Considero la vita una locanda, dove devo fermarmi fino all’arrivo della diligenza dell’abisso. Non so dove mi condurrà, perché non so niente. Potrei considerare questa locanda una prigione, perché in essa sono costretto all’attesa; potrei considerarla un luogo in cui socializzare, perché qui mi ritrovo insieme ad altri. […] Per tutti noi scenderà la notte e arriverà la diligenza.
Fernando Pessoa, Il libro dell’inquietudine di Bernardo Soares , traduzione di Antonio Tabucchi, curatore M. J. De Lancastre.
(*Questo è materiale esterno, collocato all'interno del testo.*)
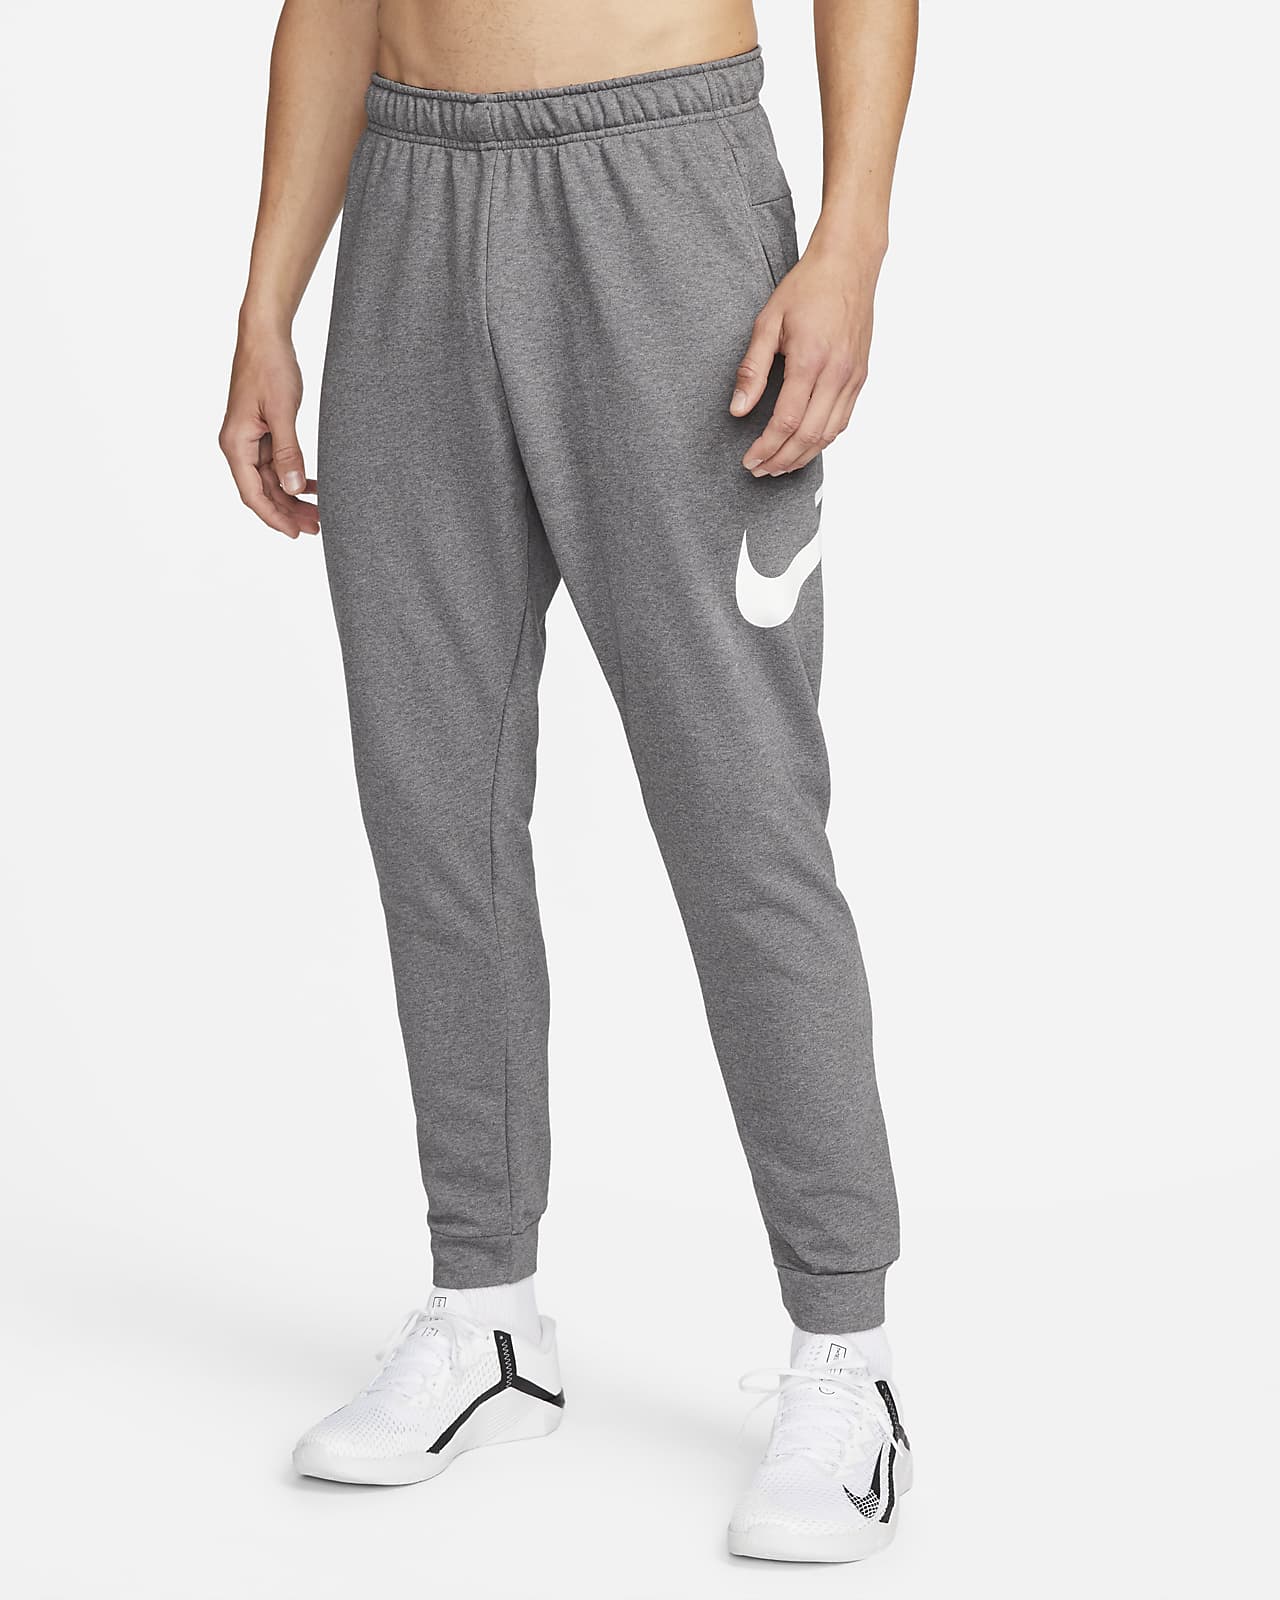 Nike | Therma-FIT Men's Tapered Training Pants | Performance Fleece Bottoms  | SportsDirect.com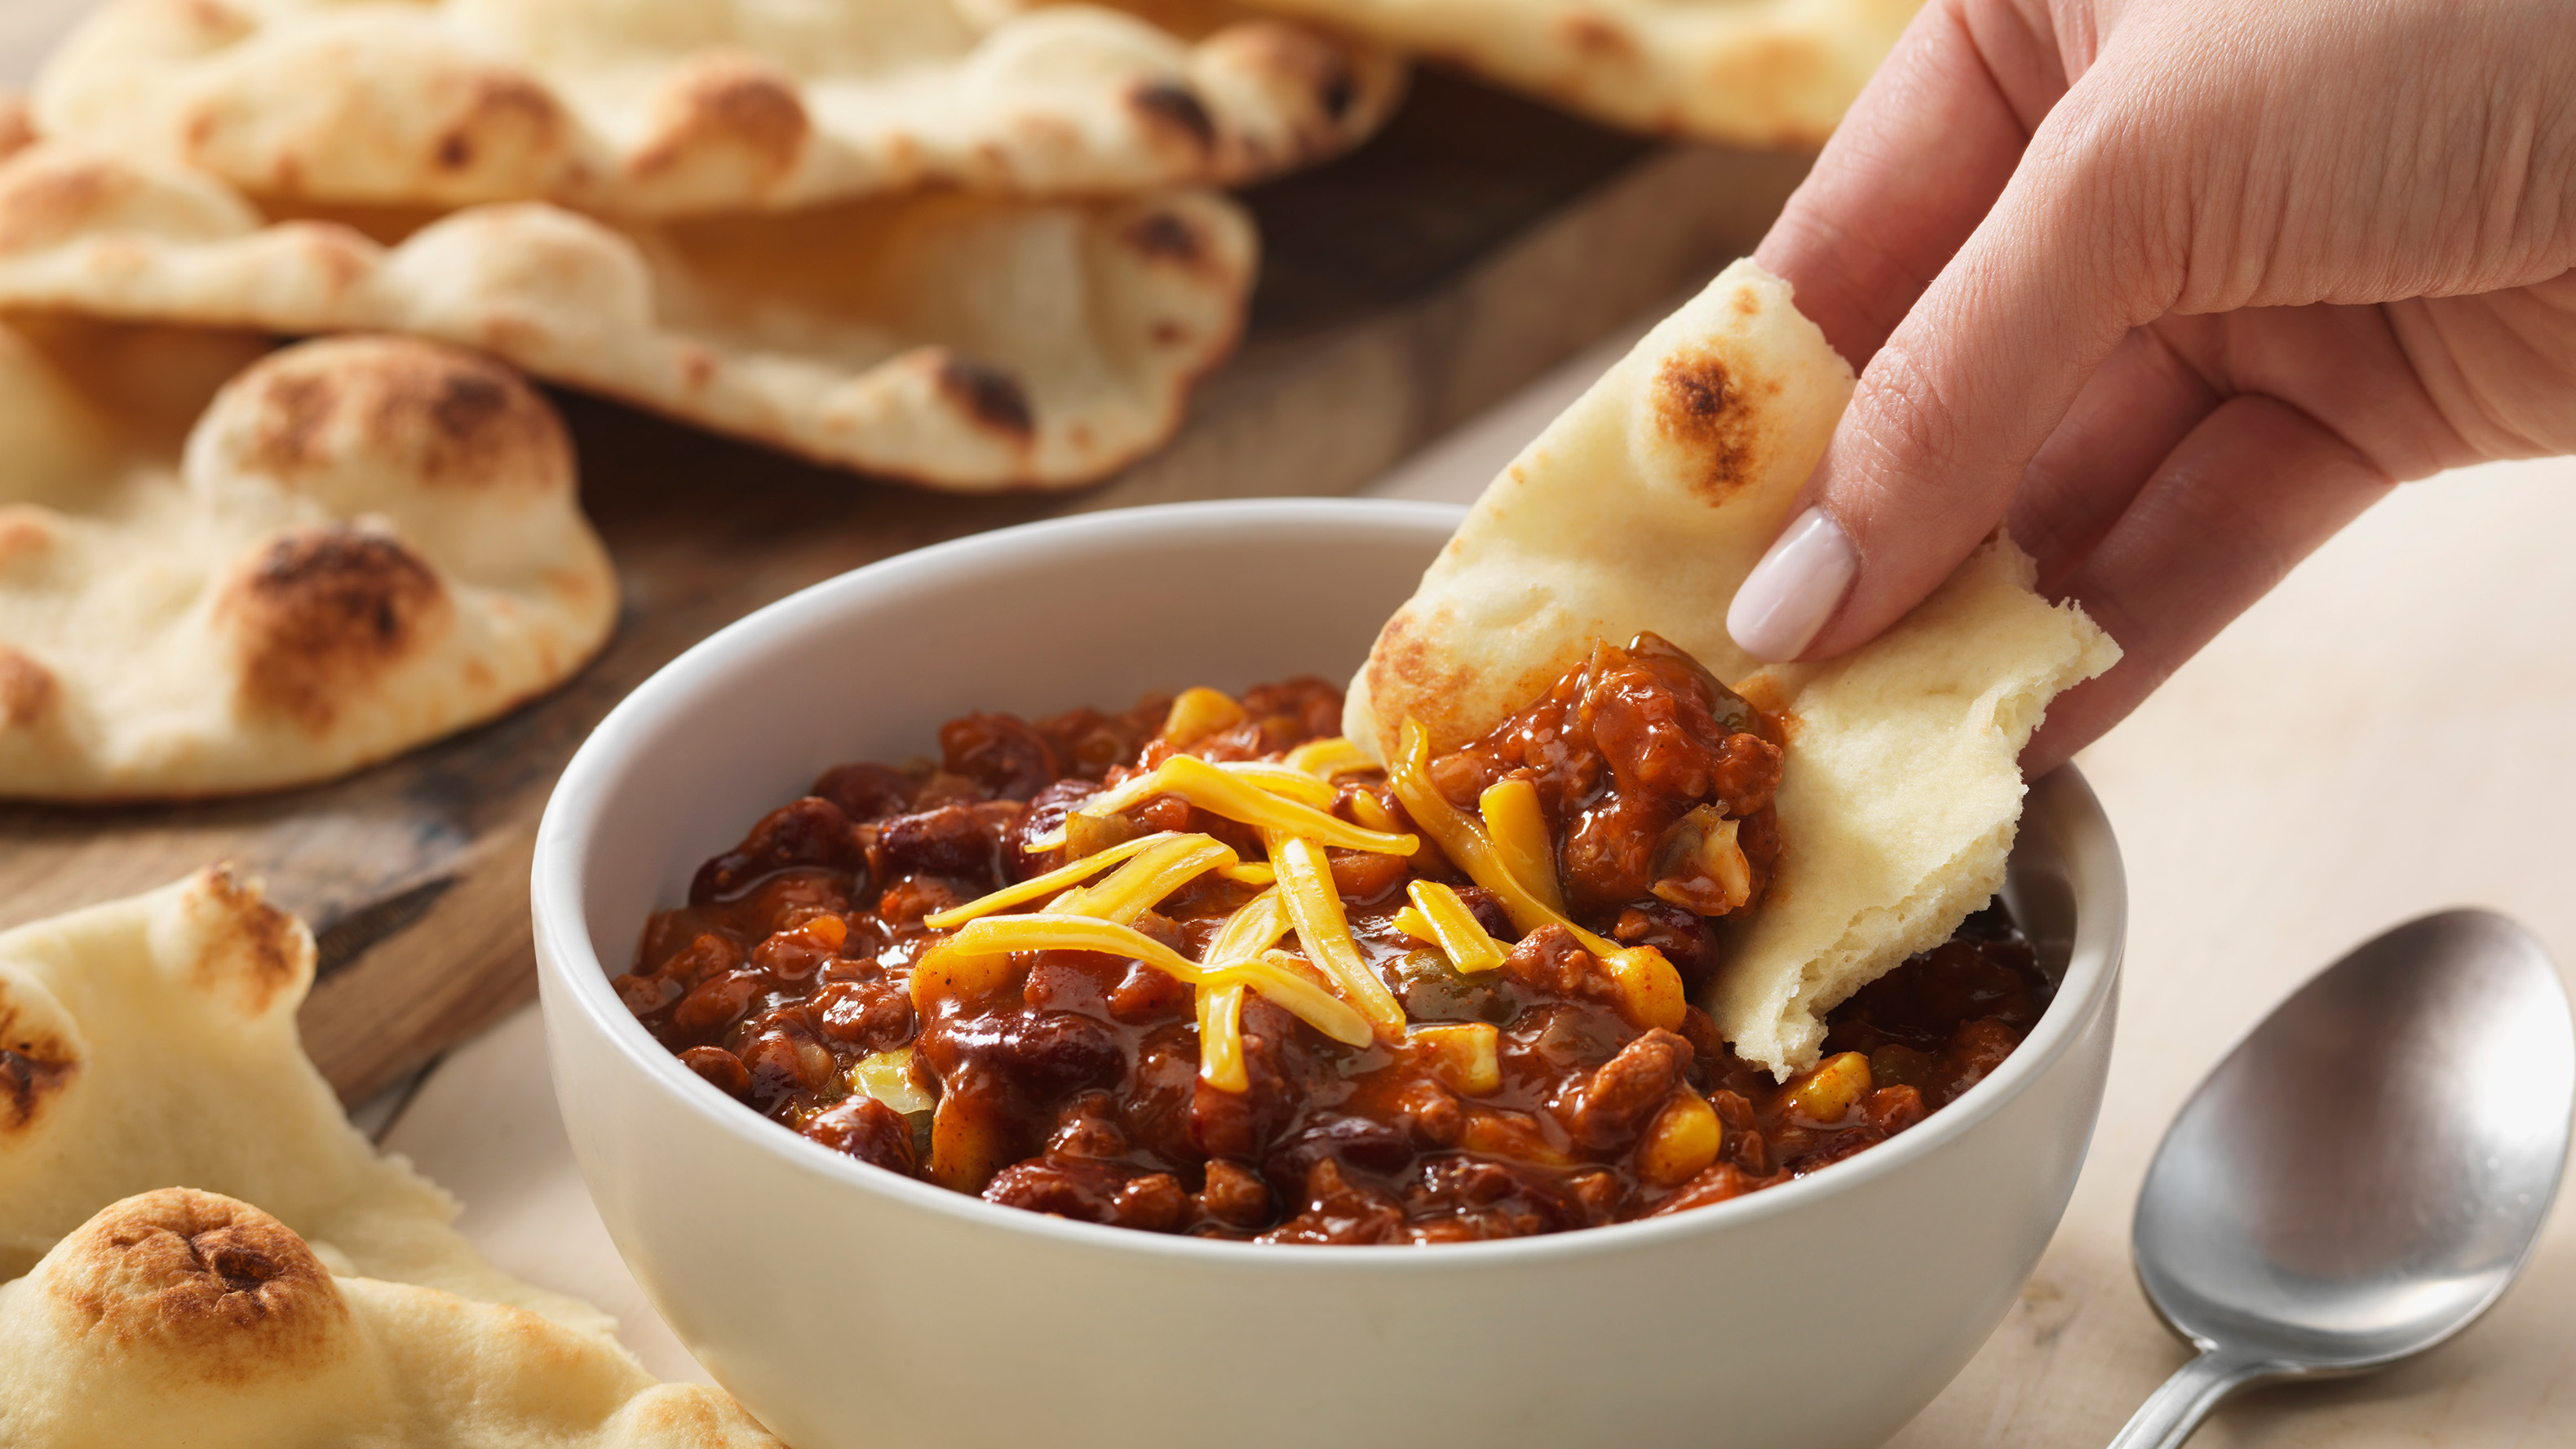 Easy simple and quick chili bowl with naan for dipping

Feltrinelli, Milano, 2013.
I
Camminavo lentamente, con lo sguardo fisso a terra.
Mi piaceva osservare i miei passi, che si perdevano lungo la strada, che, per il caldo opprimente, sembrava evaporasse in una nuvola biancastra. Le mani insaccate nelle tasche dei pantaloni, andavo rasentando un muro di cinta di un vecchio condominio del centro storico della città. Ogni tanto urtavo qualche passante, che si voltava e imprecava contro la mia disattenzione. Mi diressi verso via Matteotti, poi presi per via Roma, volendo raggiungere il porto, ma cambiai improvvisamente idea, mi fermai nei vicini giardini pubblici. Notai una panchina, umida e sporca, del tutto consunta nei suoi appoggi laterali. Era veramente ripugnante. Ma mi lasciai cadere ugualmente, noncurante delle sue condizioni igieniche. Alcuni bambini mi passarono accanto gridando e rincorrendosi. Poi mi si avvicinò una coppia. L’uomo, che mi apparve su di età e la donna, invece ancora molto giovane e particolarmente piacevole, mi guardarono come se avessero voluto chiedermi di lasciare spazio anche a una loro probabile seduta. Ma, vista la mia immobilità, lasciarono perdere. Proseguirono in avanti, allontanandosi e scambiandosi alcune considerazioni sui giovani d’oggi, che sono poco educati e sfacciatamente tracotanti.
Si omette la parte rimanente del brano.